Keywords: MiT family translocation renal cell carcinoma, cabozantinib, non-clear cell renal cell carcinoma
Microphtalmia transcription factor (MiT) family translocation renal cell carcinoma (TRCC) is a rare subtype of renal cell carcinoma.
Implications for Practice.
MiT family translocation renal cell carcinoma (TRCC) is an aggressive renal cell carcinoma subtype, harboring high expression of c-MET. Validated treatment options in the metastatic setting are lacking. The activity of cabozantinib, a MET targeted agent in the treatment of metastatic TRCC patients is unknown. In this multicentric international retrospective study including 52 adults metastatic TRCC patients, 17.3% patients achieved an objective response and 26 (50%) patients had stable disease as best response. Median progression-free survival was of 6.8 months.
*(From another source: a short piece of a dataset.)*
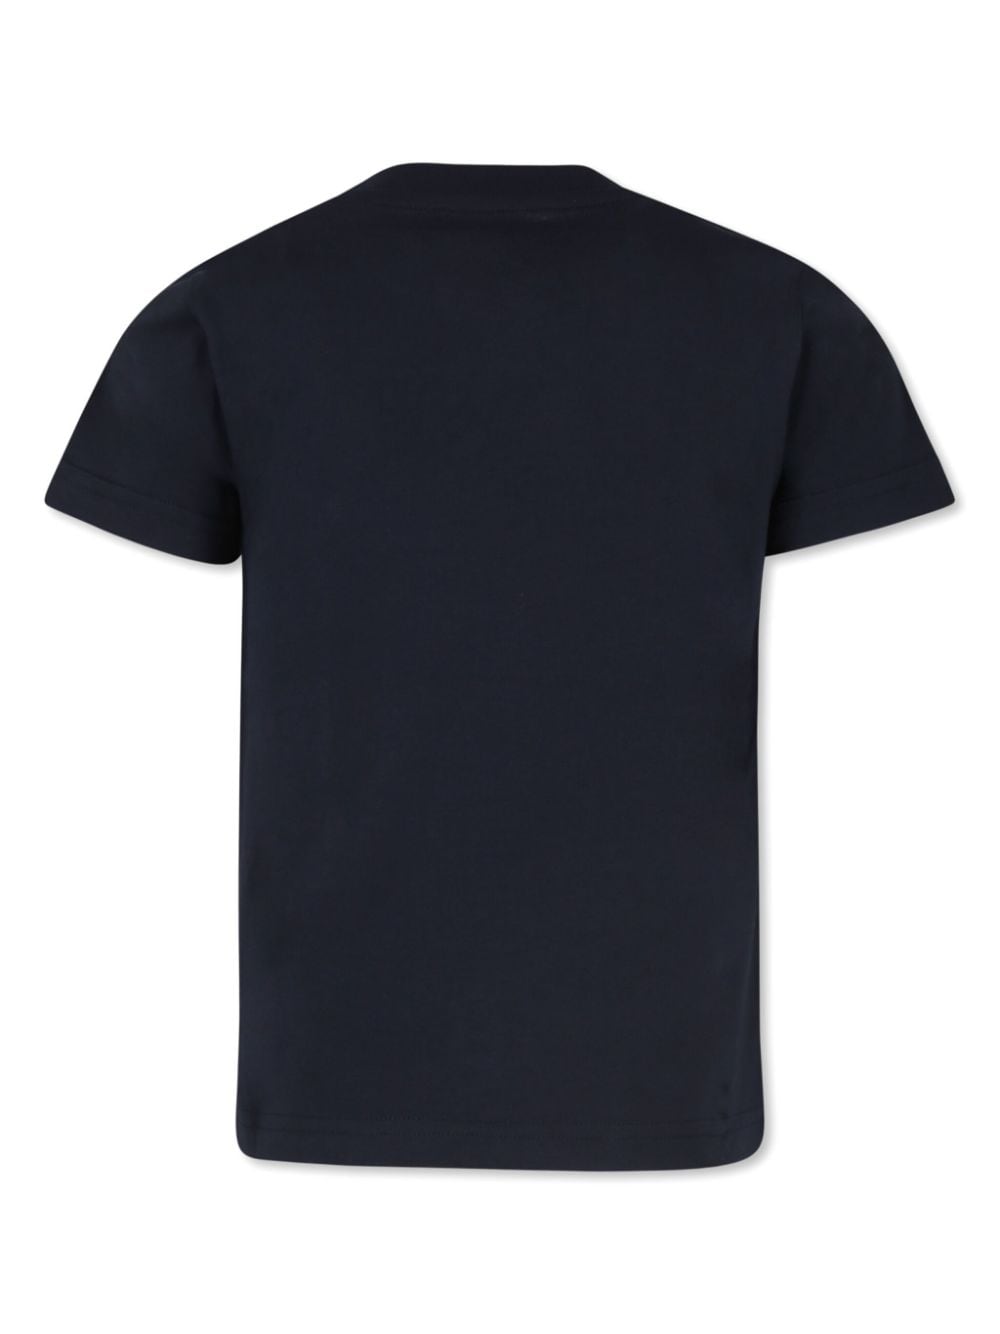 T-shirt per bambino in cotone blu navy

Cabozantinib demonstrates clinical activity in the treatment of advanced TRCC and could be preferentially used in this setting.
Introduction
Microphtalmia transcription factor (MiT) family translocation renal cell carcinoma (TRCC) is a rare subtype of renal cell carcinoma (RCC) harboring chromosomal translocations in transcription factor E3 (TFE3) and transcription factor EB (TFEB) genes.1,2 TRCC comprises 1%-5% of RCCs and is usually seen in children, adolescents, and young adults.3,4 Considering its rarity, there are no approved therapies in the metastatic setting, and most of the data about antitumor efficacy arise from retrospective studies.5 Vascular endothelial growth factor receptor (VEGFR)–targeted therapies have been used, and first-line progression-free survival (PFS) from retrospective cohorts varied between 3 and 8.2 months, although the number of cases included in these studies was limited, ranging from 11 to 24 patients.6-8 In the largest cohort to date assessing the efficacy of VEGFR inhibitor as first-line treatment (n = 24), only 2 patients (10.5%) showed partial response and 15 patients (62.5%) exhibited disease progression as the best overall response.6 Likewise, response to immune checkpoint inhibitors (ICIs) was limited, with a median PFS of 2.5 months.6
The current standard-of-care therapies for metastatic clear cell RCC (ccRCC) are combinations of ICIs9 and/or VEGFR tyrosine kinase inhibitors (TKIs).10-12 In non-clear cell RCC, response of patients to ICI seems to be limited, and the results of several trials comparing VEGR inhibitors with/without ICIs are awaited.13,14 Recently, Pal et al reported that cabozantinib treatment significantly improved PFS compared with sunitinib in patients with metastatic papillary RCCs, suggesting the benefit of MET-based inhibition in this setting.15
Similar to papillary RCC,16 TRCC harbors high expression of c-MET by immunohistochemistry (IHC).17 Furthermore, TFE3 fusion proteins have been shown to bind to the MET promoter, inducing MET autophosphorylation and activation of downstream signaling in the presence of hepatocyte growth factor (HGF).18 In malignant TRCC cell lines, MET knockdown induces a decrease in proliferation and viability.18 Therefore, targeting MET might represent an interesting option in the clinical setting. However, there is a knowledge gap as to whether MET inhibition will benefit patients with TRCC.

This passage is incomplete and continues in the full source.